ConfusionMatrixDisplay.from_predictions(y_true=y_test, y_pred=preds)
print("Testing metric:", round(matthews_corrcoef(y_true=y_test, y_pred=preds), 2))

#######################################################
# Despite using only 40 instances and minimal training, the performance was excellent thanks to the pretrained models.
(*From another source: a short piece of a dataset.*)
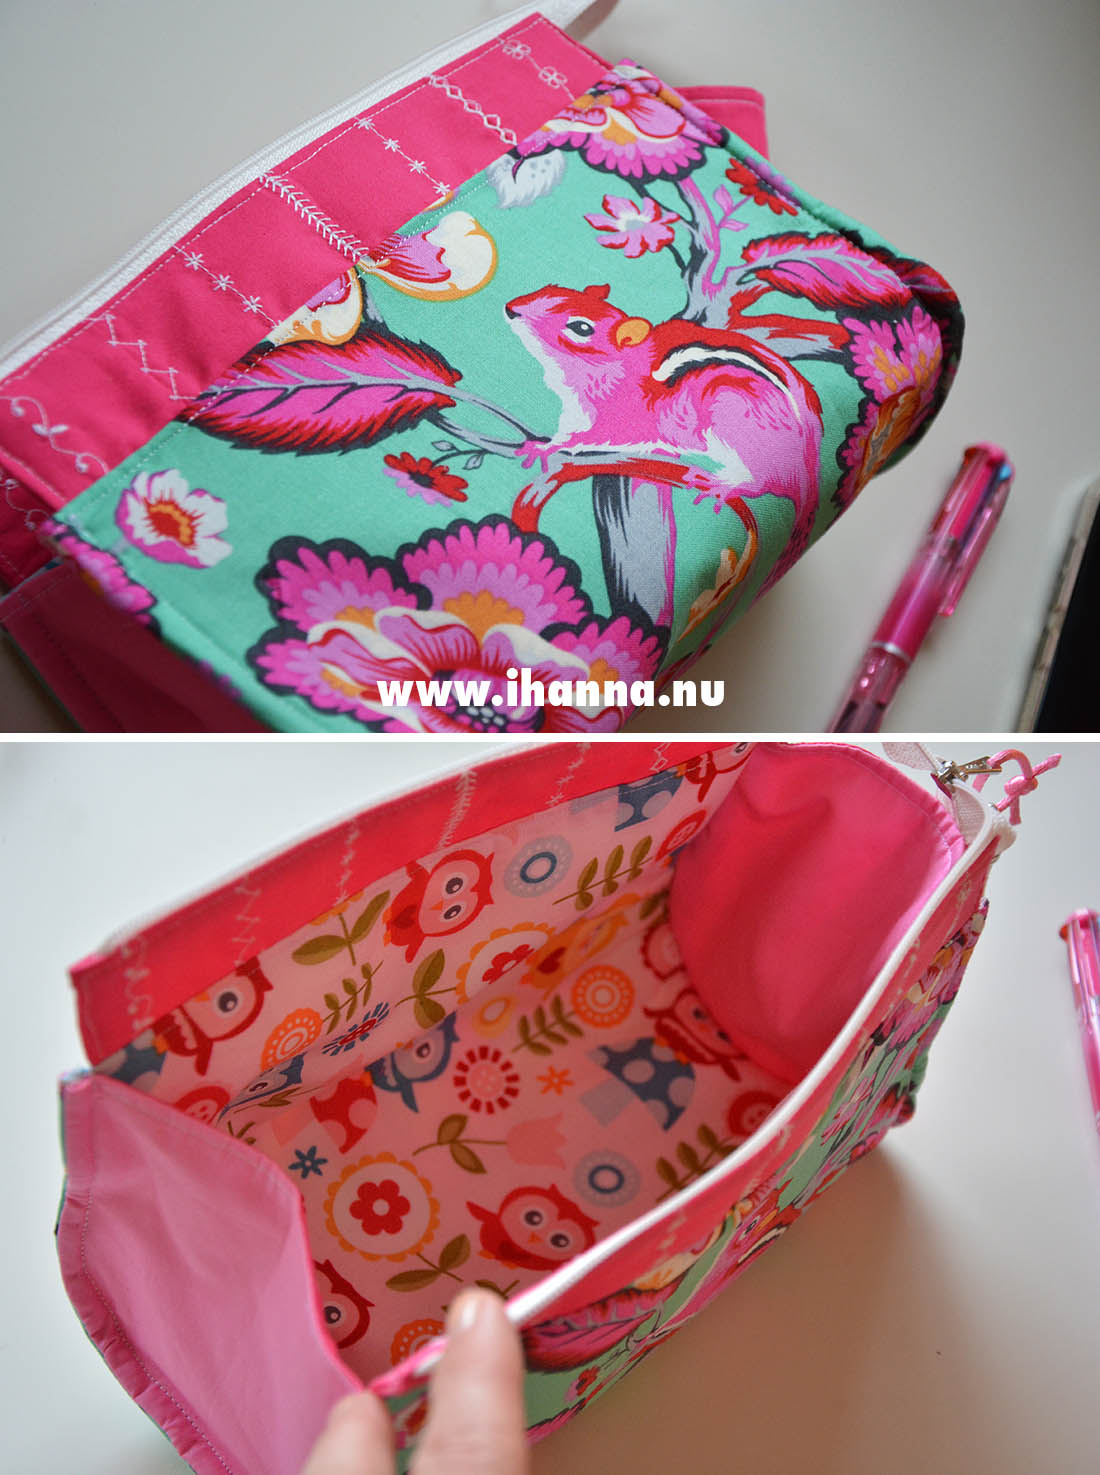 Squirrel pouch outside and owl fabric on the inside - photo copyright Hanna Andersson

###################################
# Summary of results
# ^^^^^^^^^^^^^^^^^^^^^^^^^^^^^^^^^
# We first built a memory bank with 40% independent vision-language samples using the `iMML` retrieve module to
# generate retrieval-augmented prompts with a multi-channel retriever (``MCR``). Subsequently, we trained a model
# using the ``RAGPT`` algorithm available in `iMML` under 25% randomly missing text and image modalities. The model
# demonstrated strong robustness on the test set.
#
# This example is intentionally simplified, using only 40 instances for demonstration.
# For stronger performance and more reliable results, the full dataset and longer training should be used.

###################################
# Conclusion
# ^^^^^^^^^^^^^^^^^^^^^^^^^^^^^^^^^
# This example illustrates how `iMML` enables state-of-the-art performance in classification, even in the presence
# of significant modality incompleteness in vision-language datasets.